Exercise description -> Reproduce the full listing below exactly. Do not include the pictures.

------ Data block

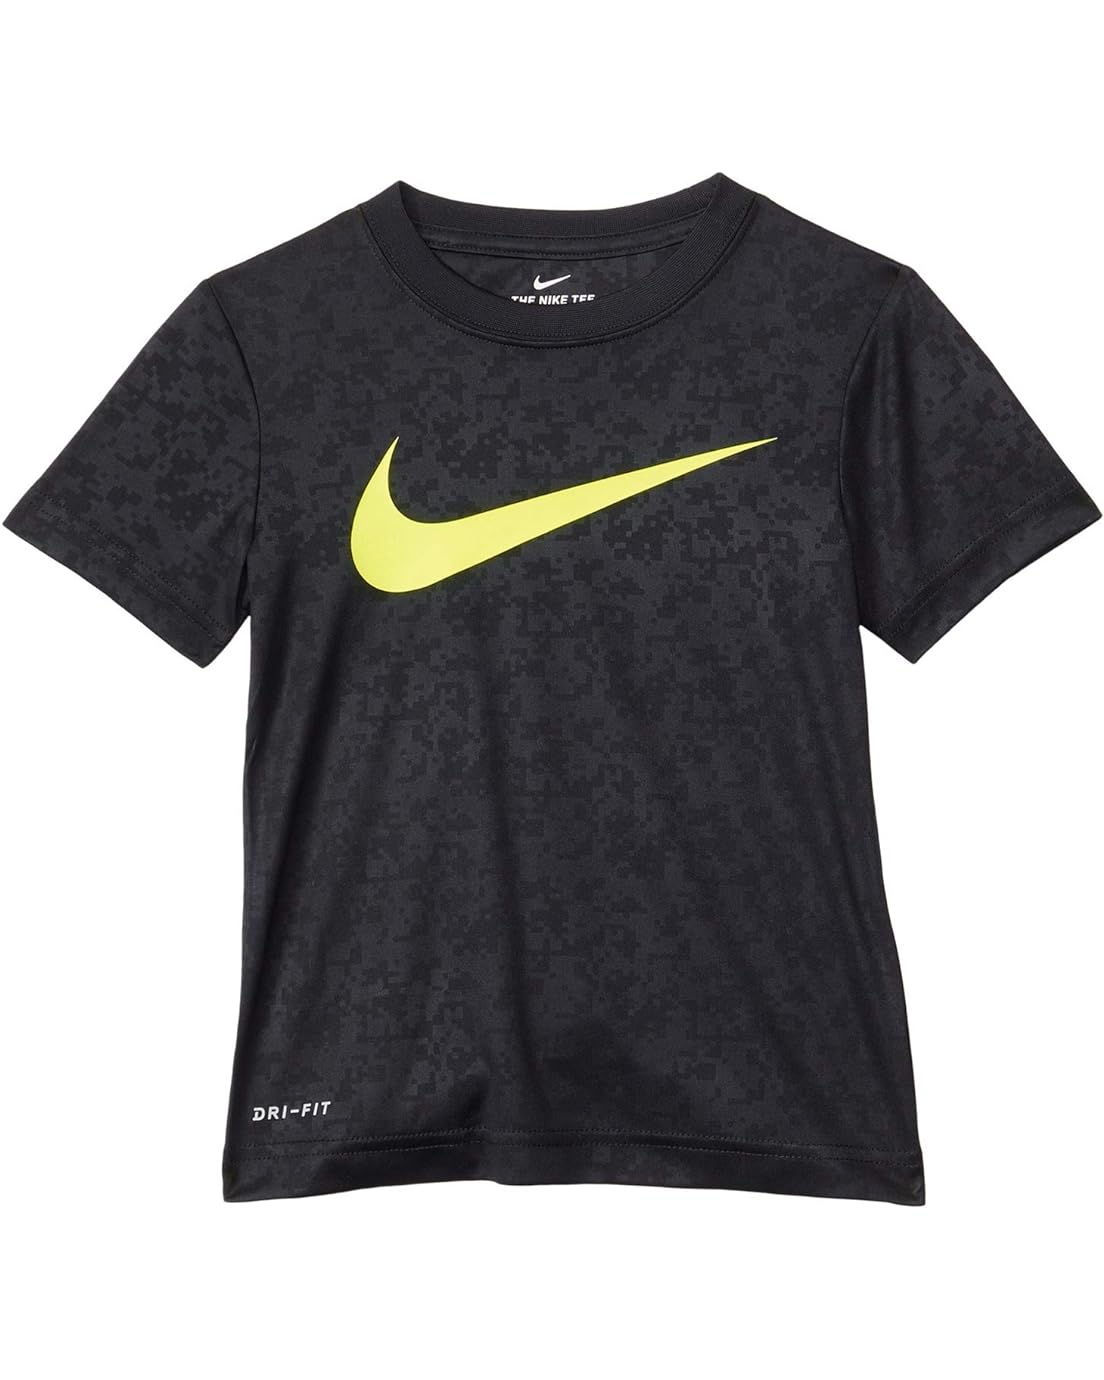 Nike Kids All Over Print Swoosh T-Shirt (Toddler)
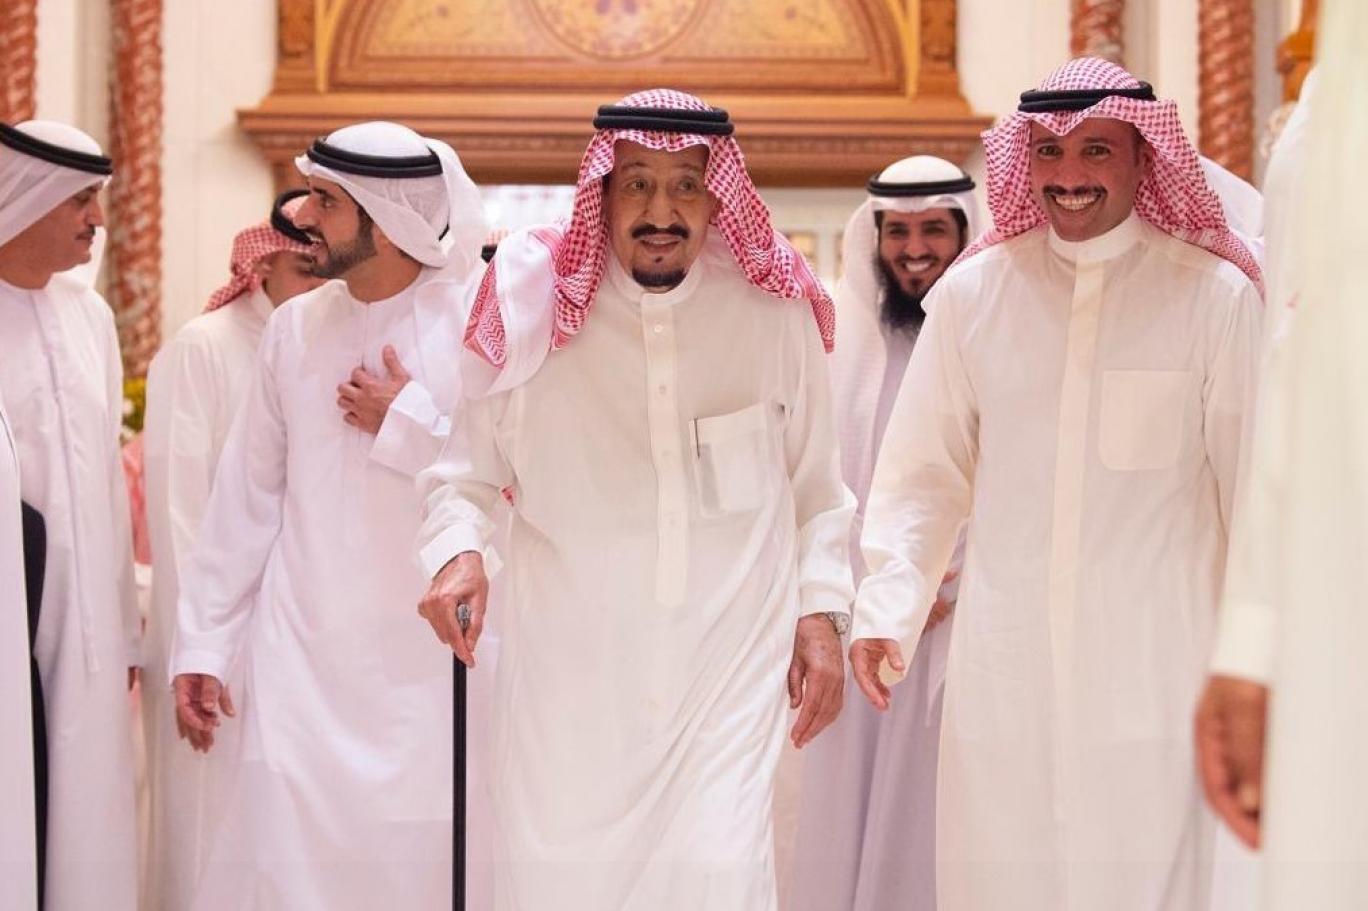 Новости дубая на сегодня на русском. Шейх Дубая Абдулазиз. Дворец принца в Дубае. Одежда шейха. Одежда арабских шейхов.
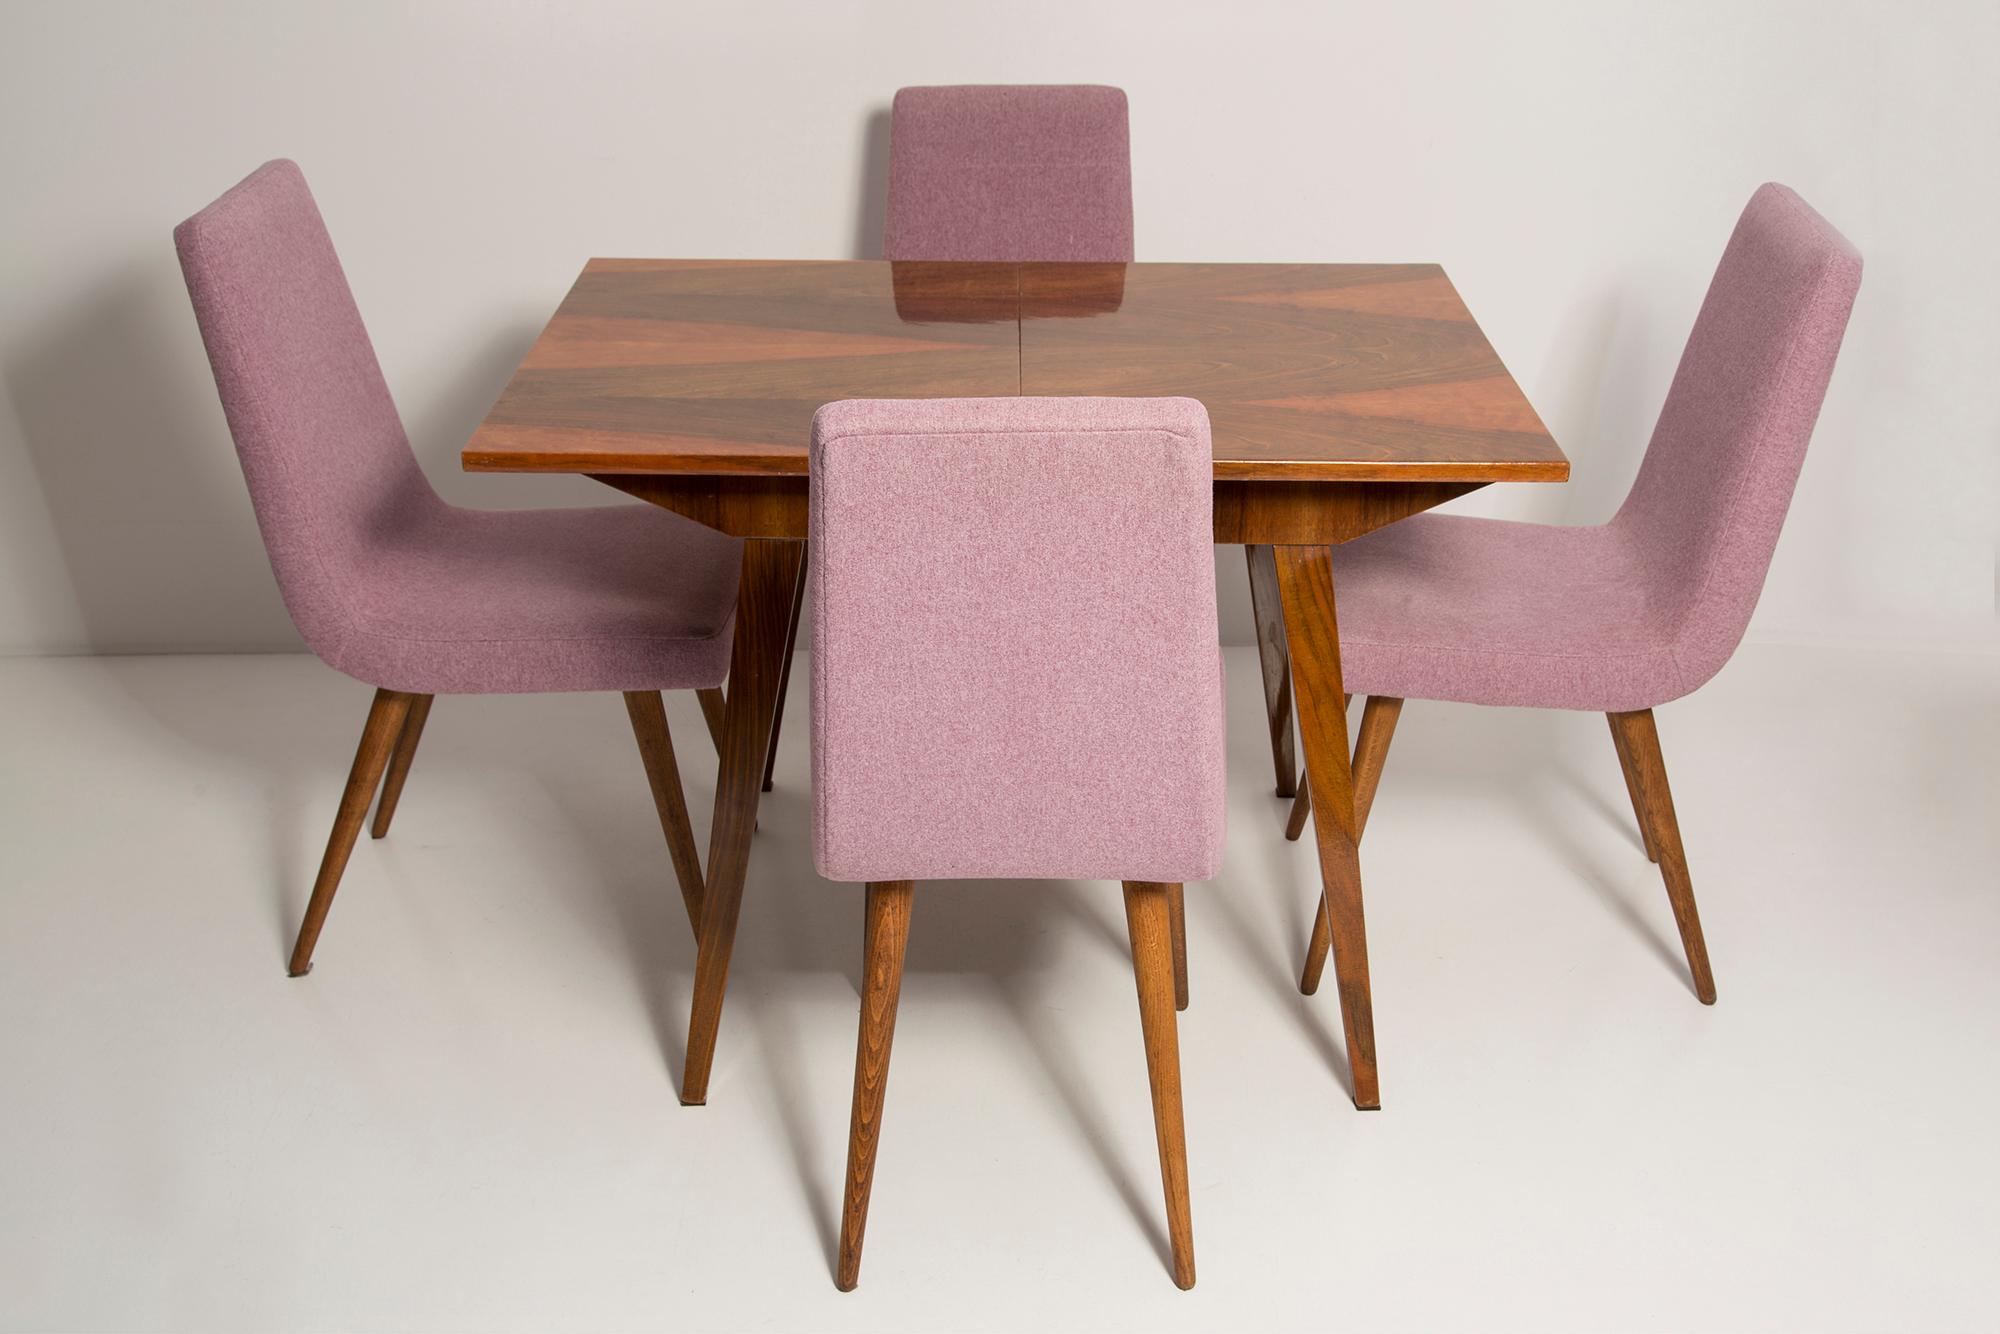 Midcentury Walnut Kitchen Table and Chairs, Danuta Lewandowska, Poland, 1960s For Sale 1
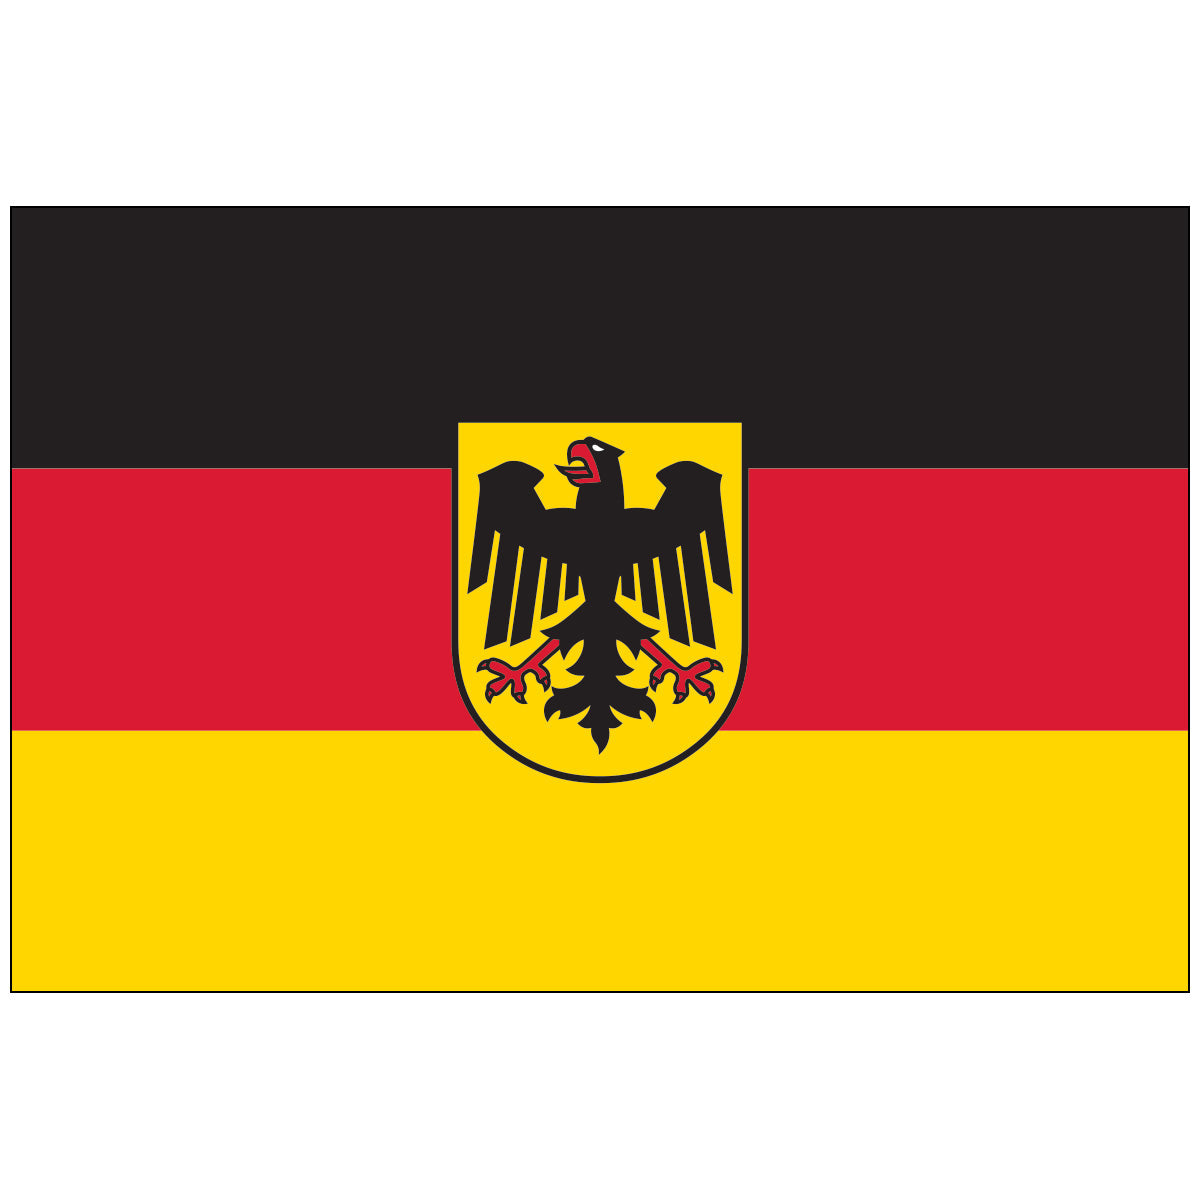 Germany - World Flag

------------

Exercise response ->
 Nike Kids All Over Print Swoosh T-Shirt (Toddler)
 Новости дубая на сегодня на русском. Шейх Дубая Абдулазиз. Дворец принца в Дубае. Одежда шейха. Одежда арабских шейхов.
 Midcentury Walnut Kitchen Table and Chairs, Danuta Lewandowska, Poland, 1960s For Sale 1
 Germany - World Flag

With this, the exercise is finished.